I think I need to see a doctor...tummy issues, ugh. BUT I am having major insecurity and anxiety issues about it. I used to see doctors all the time, likely probably at least twice a week between ED stuff, pain stuff, and eye stuff. Plus the occasional check-in with my psychiatrist (2-3 times per year) and gynecologist (1-2 times per year). But I really haven't seen many doctors at all lately, or at least not much in the past 6-7 months. And for some reason, I'm really super stressed out about it, like they're going to think I'm crazy and won't take me seriously. Also, I want to ask about the weight gain but I KNOW they're going to see the old anorexia diagnosis and just roll their eyes at me.

I scheduled an appointment at my campus health center for next week, after my class ends and things slow down a bit. And that gives me some time to cancel if I change my mind, which I shouldn't do, but I might. In the meantime, anyone got advice for an upset stomach? I've been having issues for over a year now, and my mom has been begging me to get checked out for a while, but somehow this got swept under the rug with everything else that was going on.

Hope everyone is getting back into the swing of things after a long weekend! Much love.

Sunday, July 6, 2014

July 4th Recap

Hope everyone had a wonderful July 4th weekend! Mine has been relatively great, which was a nice change given that my past two Independence Day weekends pretty much sucked due to pain and depression and general poor health. This year one of my old college friends invited me to a pool party at her grandmother's house, so I went there for a few hours before coming back into the city for festivities and fireworks with some of my friends.
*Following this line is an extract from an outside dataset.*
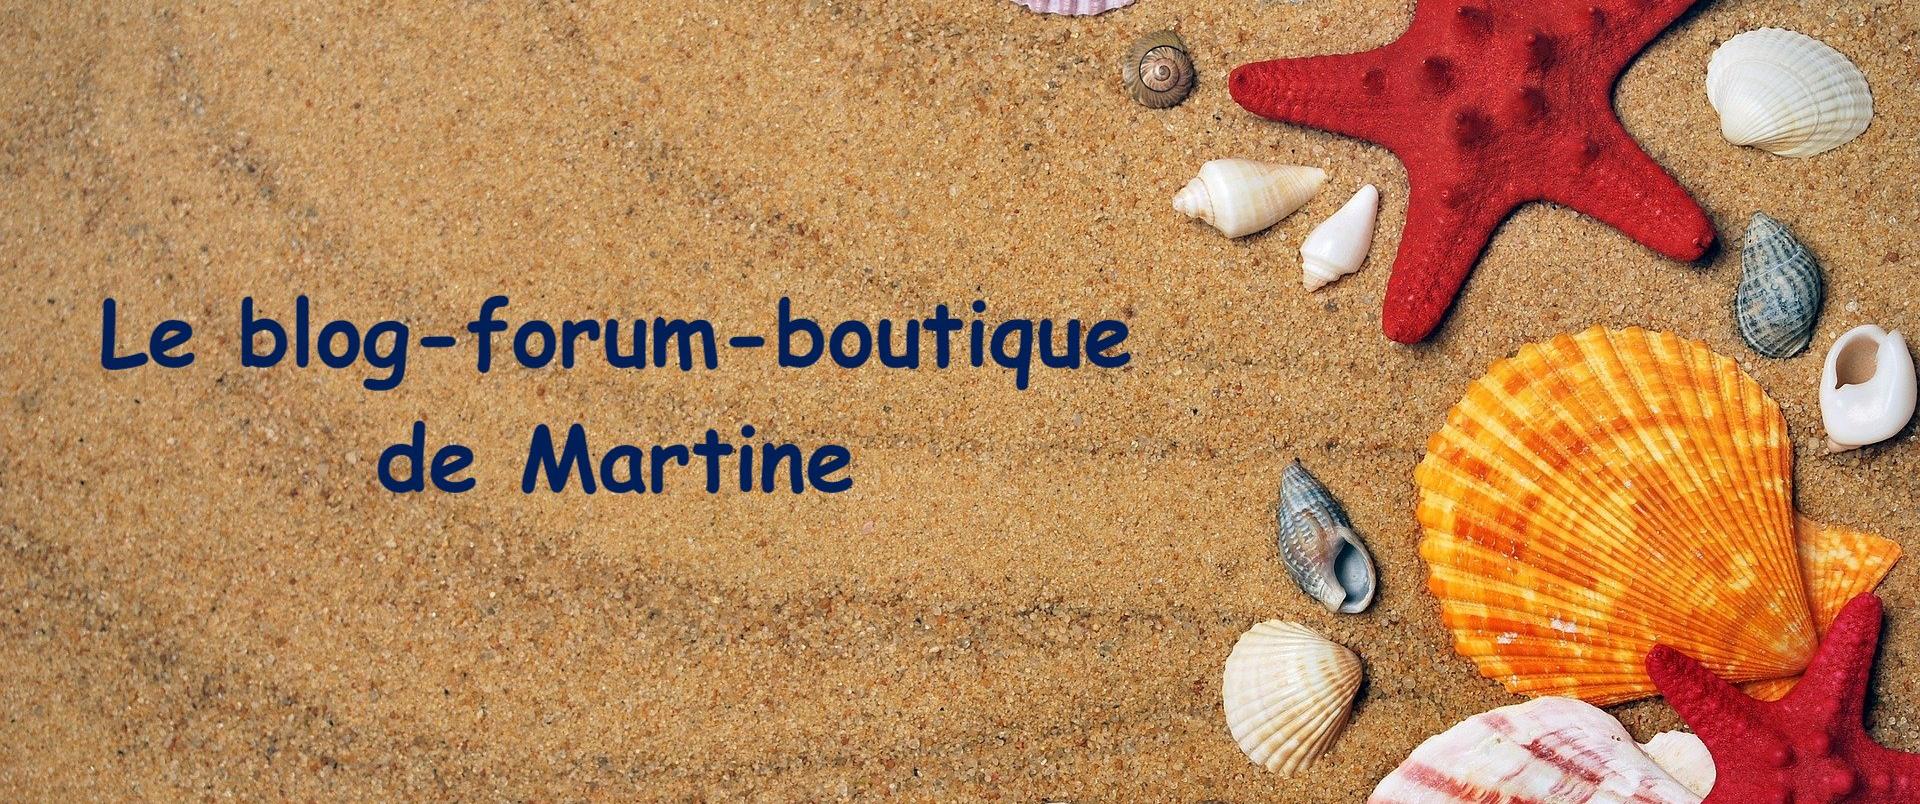 Le site de Martine
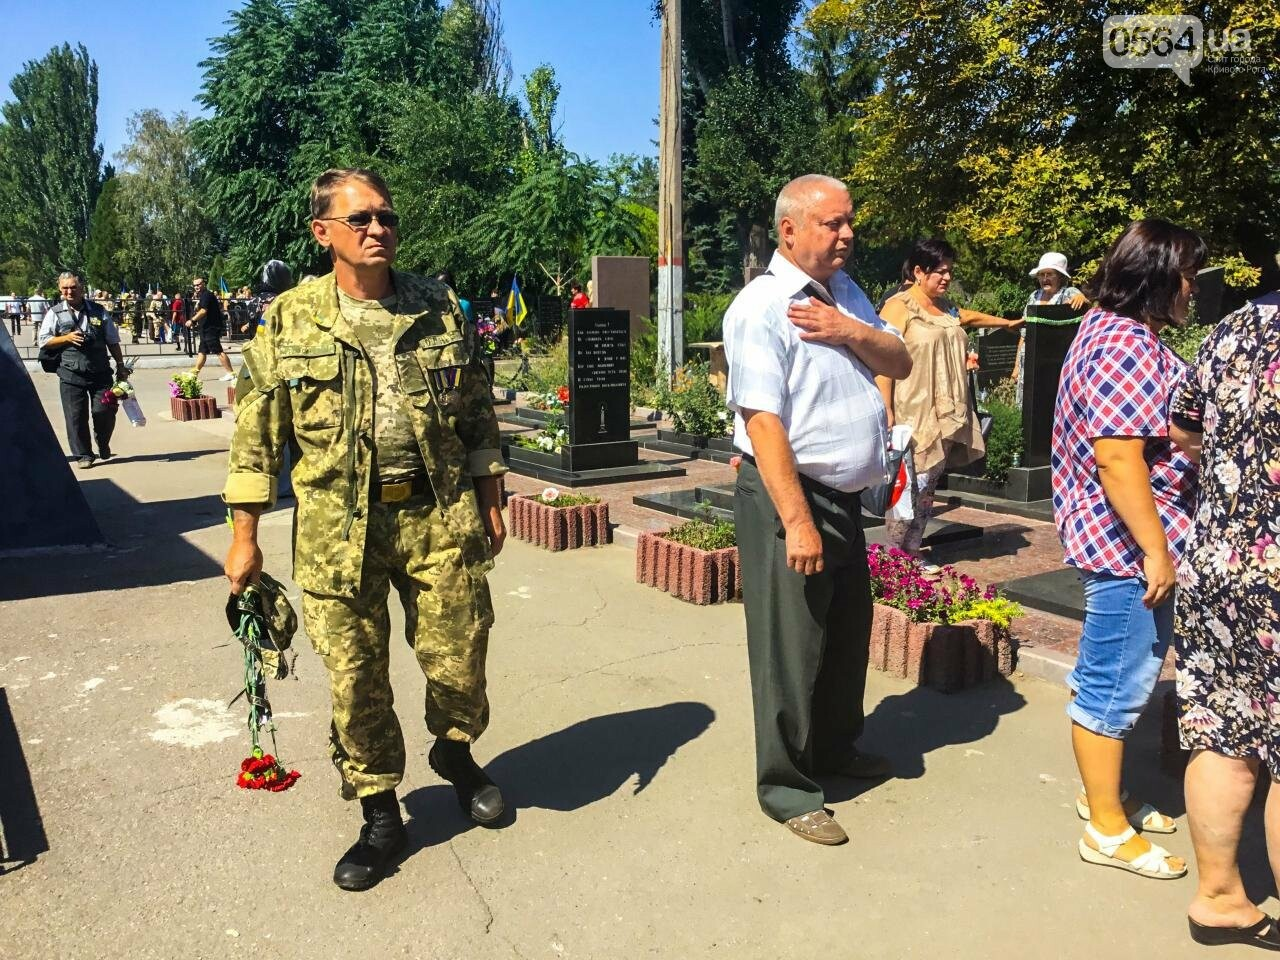 На Аллее Героев провели панихиду по погибшим в зоне АТО криворожанам, - ФОТО , фото-23

College City was a MADHOUSE Friday evening; they had concerts all day, and then the fireworks display at around 10pm. Luckily we could walk there from my apartment, because driving/parking would have been a nightmare. Anyway, it was a lot of fun and I am SO GRATEFUL that even though I'm having some pain and have been pretty down about it these past couple months, I am still vastly better than I used to be, and was still able to walk there and back (a couple miles) with very little pain.

Happy 4th!

Yesterday I kept it pretty quiet - slept in, skipped working out because I was tired (this was HUGE for me), went grocery shopping, did some work, watched a lot of TV, and took a nap. It was kind of incredibly how relaxed I was about having such a relaxing day; normally that kind of thing would have stressed me out ("I'm not burning enough calories!" "I'm wasting time!" "I'm not accomplishing anything!") but I actually had an amazing, quiet, simple day. 

This was me, minus the hammock and beach

Today ended up being kind of stressful for unexpected reasons, but it was entirely my own fault and can't blame anyone else. My friend and I were going to meet up and walk/hang in the park near campus, but I somehow managed to lose my keys there. Yes, ALL my keys: car key, apartment building AND individual unit keys, and even my mailbox key. How did this happen, you ask? Well, the answer is that I have no fuckin' clue...I must have dropped them in the grass somewhere without noticing, although we scoured that park for about 2.5 hours looking (and I got a tad sunburnt in the process) but no such luck. So, I called my leasing company and had to have someone let me in = $25, and then tomorrow I'll have to go into the office get a new set of keys = $50. JOY. But like I said, it was me being a careless idiot and can blame no one but myself. I suppose on the bright side, I had my friend with me for moral support/entertainment so the entire ordeal was much less painful than it might have been.

So....that was my weekend. Mostly good with a random bout of panic thrown in. Hope everyone had a lovely holiday, and hope everyone outside the US had a lovely weekend!